Suppose you want to find all customers who have placed at least one order.
SELECT
c.customer_id,
c.customer_name,
c.country
FROM
Customers c
WHERE
EXISTS (
SELECT 1
FROM Orders o
WHERE o.customer_id = c.customer_id
);
The outer query selects data from the Customers table
The EXISTS clause contains a subquery that checks for the existence of rows in the Orders table where customer_id matches the customer_id in the Customers table.
For each row in Customers, the subquery runs to see if there is a matching order
If a matching order exists, that customer is included in the result.
NOT EXISTS
NOT EXISTS is a logical operator to test for the absence of any records in a subquery. It returns TRUE if the subquery returns no rows, and FALSE if the subquery returns one or more rows.
Suppose you want to find customers from a specific country who have not placed any orders.
SELECT
c.customer_id,
c.customer_name,
c.country
FROM
Customers c
WHERE
c.country = 'USA'
AND NOT EXISTS (
SELECT 1
FROM Orders o
WHERE o.customer_id = c.customer_id
);
This query selects customers from the USA who do not have any corresponding entries in the Orders table. The subquery inside NOT EXISTS checks for the existence of orders with a matching customer_id.
EXCEPT
EXCEPT helps us filter out specific customers based on the difference between two sets.
Suppose you want to find all customers who have placed an order, but only those who are not from the USA.
SELECT
customer_id,
customer_name,
country
FROM
Customers
WHERE
customer_id IN (SELECT DISTINCT customer_id FROM Orders)
EXCEPT
SELECT
customer_id,
customer_name,
country
FROM
Customers
WHERE
country = 'USA';
The first part of the query selects customers who have placed orders. The EXCEPT operator removes those customers who are from the USA from the result.
COMBINING NOT EXISTS WITH EXCEPT
The combination of NOT EXISTS with EXCEPT achieves the "for all" effect.
Suppose we want to find customers from the USA who have placed orders for all available products.
SELECT
customer_name, country
FROM
Customers c
WHERE
country = 'USA'
AND NOT EXISTS (
SELECT product_id
FROM Products p
WHERE product_id = p.product_id
EXCEPT
(SELECT product_id
FROM Orders o
WHERE o.customer_id = c.customer_id)
);
In the outer query we select the customer_name and country from the Customers table for customers in the USA.

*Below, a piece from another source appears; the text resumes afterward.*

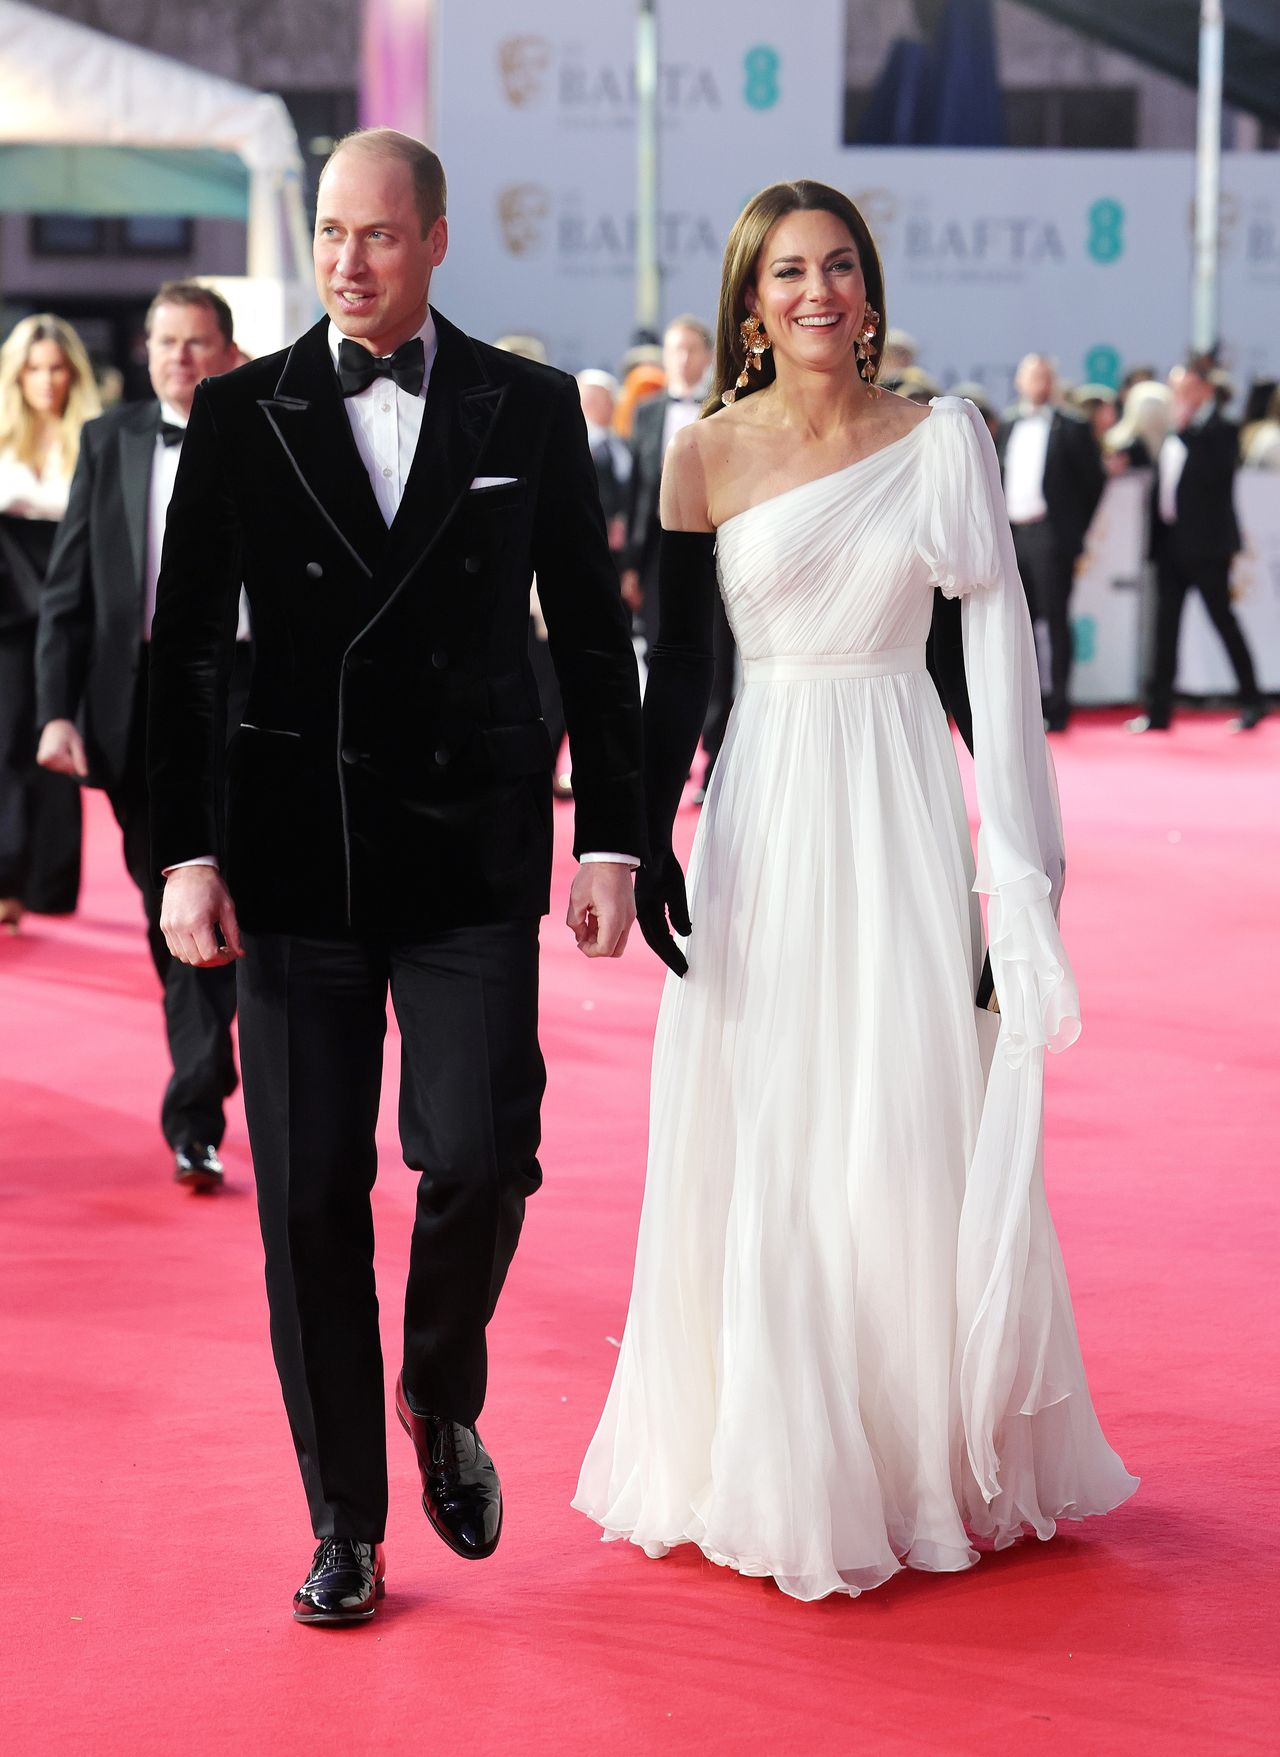 Wieczór rozdania brytyjskich nagród BAFTA należał do Williama i Kate

SELECT product_id FROM Products p selects all product IDs in the Products table
The EXCEPT operation subtracts the products that the customer has ordered from the complete list of products
If the result of EXCEPT is empty (meaning there are no products left that the customer hasn't ordered), NOT EXISTS returns TRUE indicating that the customer has ordered all available products
RANKING
Suppose we want to rank customers based on the total amount they've spent on orders.
SELECT
c.customer_id,
c.customer_name,
c.country,
SUM(o.amount) AS total_spent,
RANK() OVER (ORDER BY SUM(o.amount) DESC) AS spending_rank
FROM
Customers c
JOIN
Orders o
ON
c.customer_id = o.customer_id
GROUP BY
c.customer_id, c.customer_name, c.country;
This query sums the amount for each customer and ranks them based on their total spending. The RANK function creates a rank based on the total spent.

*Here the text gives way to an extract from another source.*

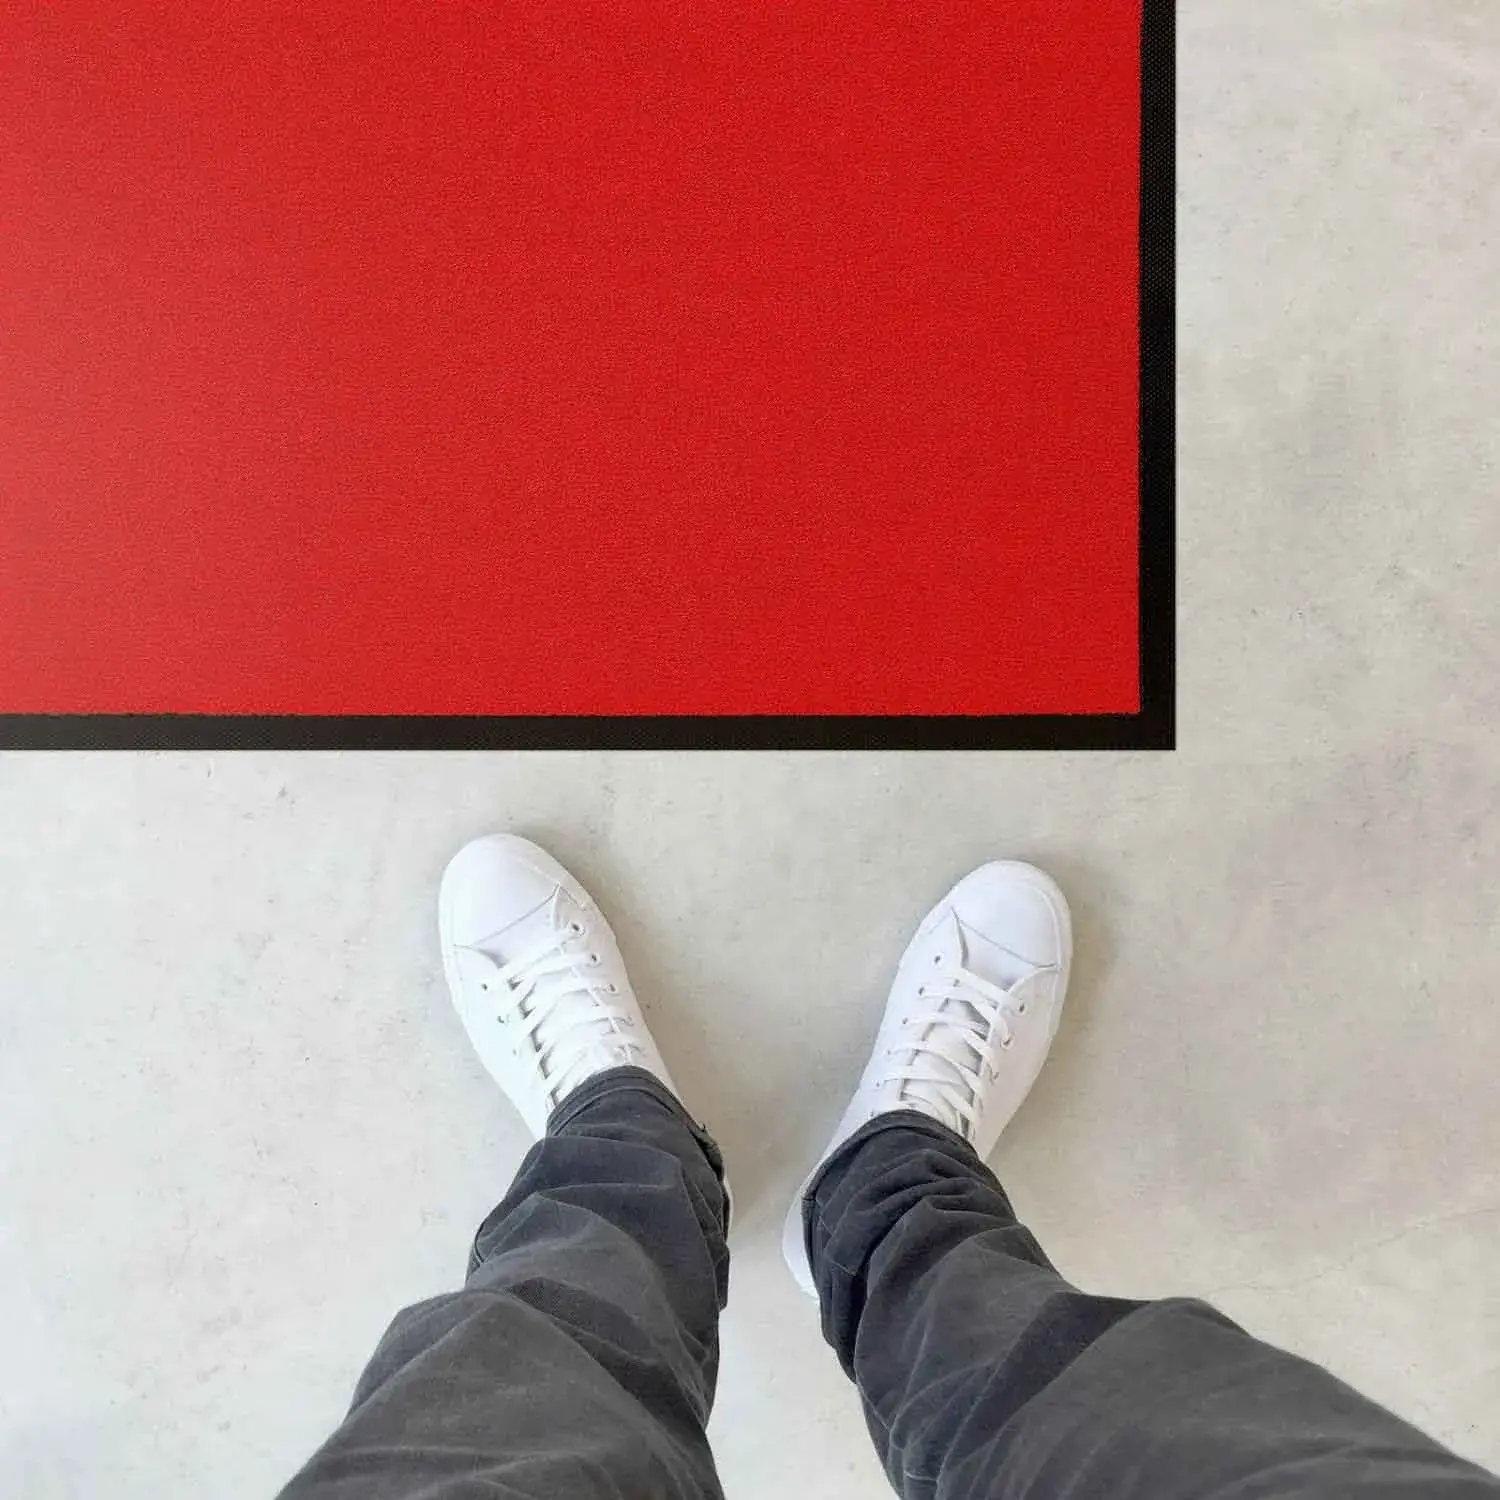 Vloerverzorging door middel van een rode mat

COMBINING THE WHERE AND HAVING CLAUSES
WHERE filters rows before any grouping or aggregation occurs, and operates on individual rows of the data.
HAVING filters groups after aggregation has occurred, and operates on grouped data (e.g., after GROUP BY)
Suppose we want to find out which countries have more than 3 customers who have placed orders totaling more than $100.
SELECT
country, COUNT(*)
FROM
Customers c
WHERE
c.customer_id IN (
SELECT
o.customer_id
FROM
Orders o
GROUP BY
o.customer_id
HAVING
SUM(o.amount) > 100
)
GROUP BY
country
HAVING
COUNT(*) > 3;
The outer query selects the country and counts the number of customers from that country who meet the criteria defined in the subquery
The WHERE clause filters the Customers table to include only those customers whose total order amount exceeds $100.
GROUP BY country
groups the results by country, allowing us to count the number of customers per country who meet the spending criterion.HAVING COUNT(*) > 3
filters out any countries with 3 or fewer customers who meet the criteria. Only countries with more than 3 such customers will be included in the final result.
CASE AND UPDATE
CASE functions like an "if-then-else" statement, allowing you to apply logic based on the values in your data.
UPDATE
Orders
SET
priority_level = CASE
WHEN amount < 50 THEN 'Low'
WHEN amount >= 50 AND amount < 100 THEN 'Medium'
WHEN amount >= 100 AND amount < 500 THEN 'High'
WHEN amount >= 500 THEN 'Critical'
END;
Updates the Orders table, setting a priority_level column
The CASE statement evaluates the amount column for each order, setting a value for the priority_level
RECURSIVE
RECURSIVE: A SQL query is considered recursive when it references itself in the query definition. This self-reference allows the query to perform repetitive operations until a termination condition is met.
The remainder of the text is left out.